╭─ DATASET EXCERPT

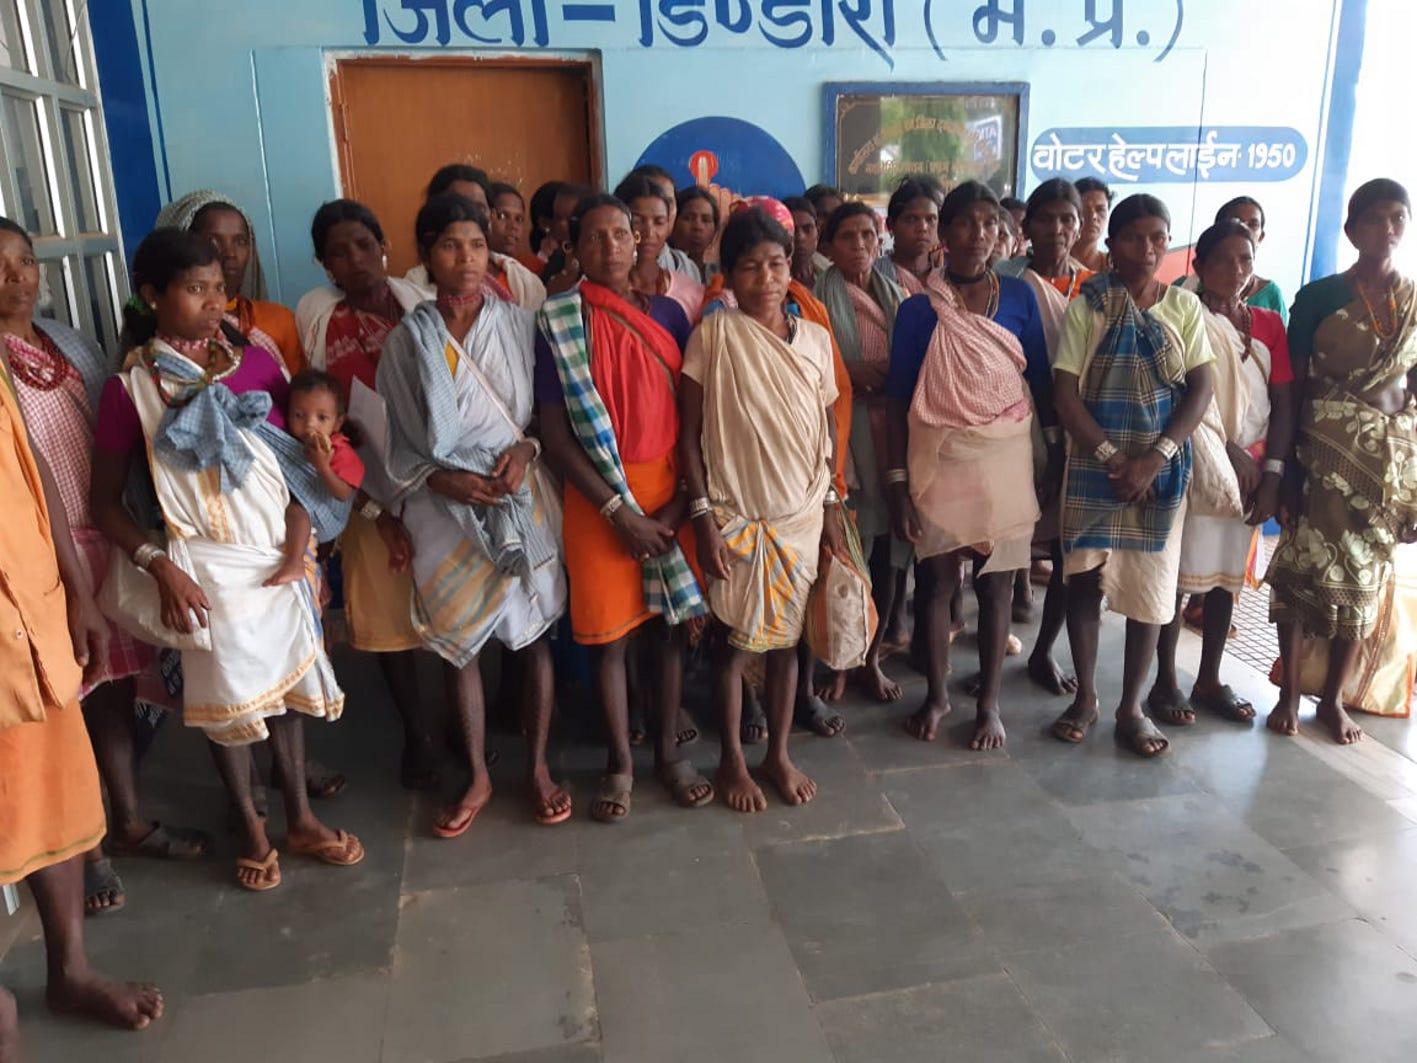 बैगा महिलाओं ने समस्याओं के निदान के लिये लगाई गुहार
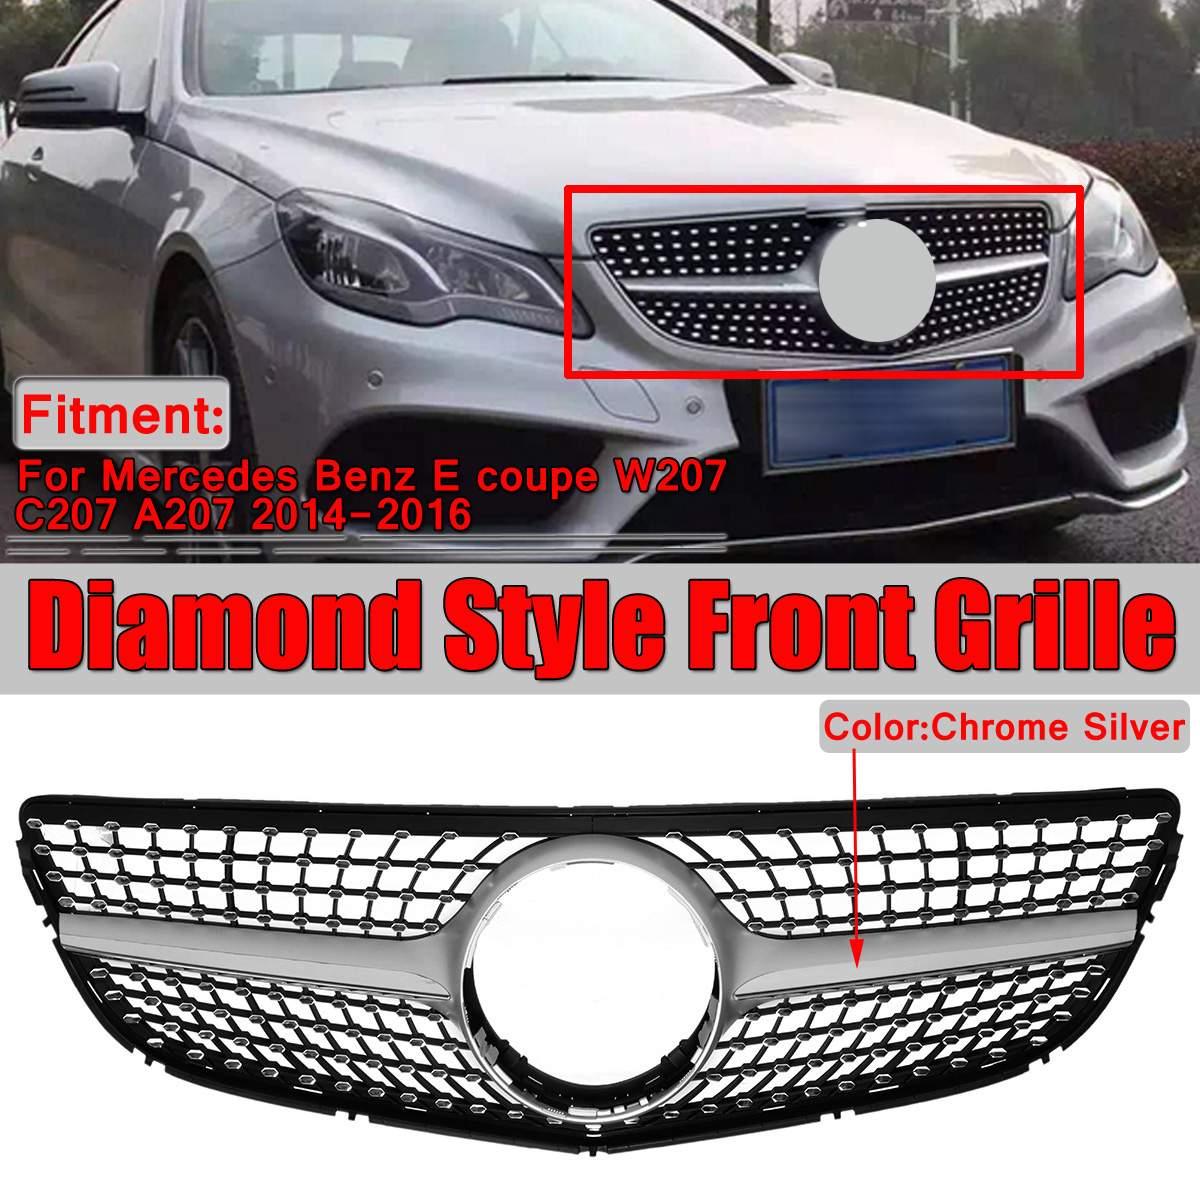 Chrome W207 C207 A207 diamant gril voiture pare-chocs avant Grille pour Mercedes pour Benz E pour Coupe W207 C207 A207 2014-2016
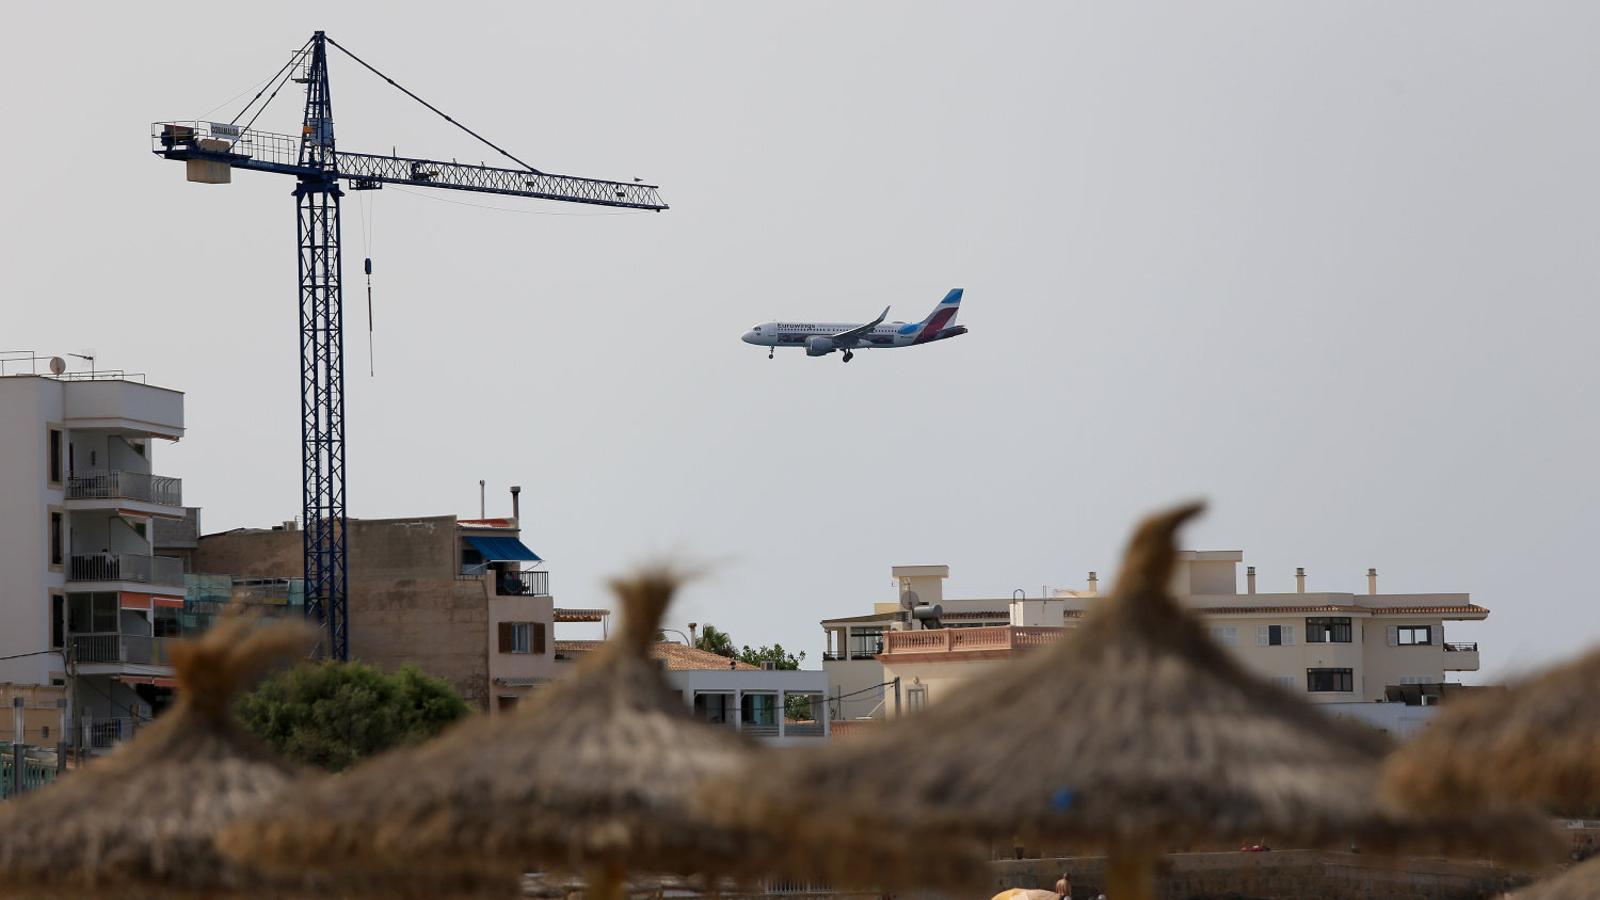 Les obres il·legals proliferen a Eivissa durant l'estat d'alarma

╰─

** TASK REQUIREMENTS **
From the first line to the last, write out the data exactly, omitting any pictures.

** ANSWER FOR THE TASK **
 बैगा महिलाओं ने समस्याओं के निदान के लिये लगाई गुहार
 Chrome W207 C207 A207 diamant gril voiture pare-chocs avant Grille pour Mercedes pour Benz E pour Coupe W207 C207 A207 2014-2016
 Les obres il·legals proliferen a Eivissa durant l'estat d'alarma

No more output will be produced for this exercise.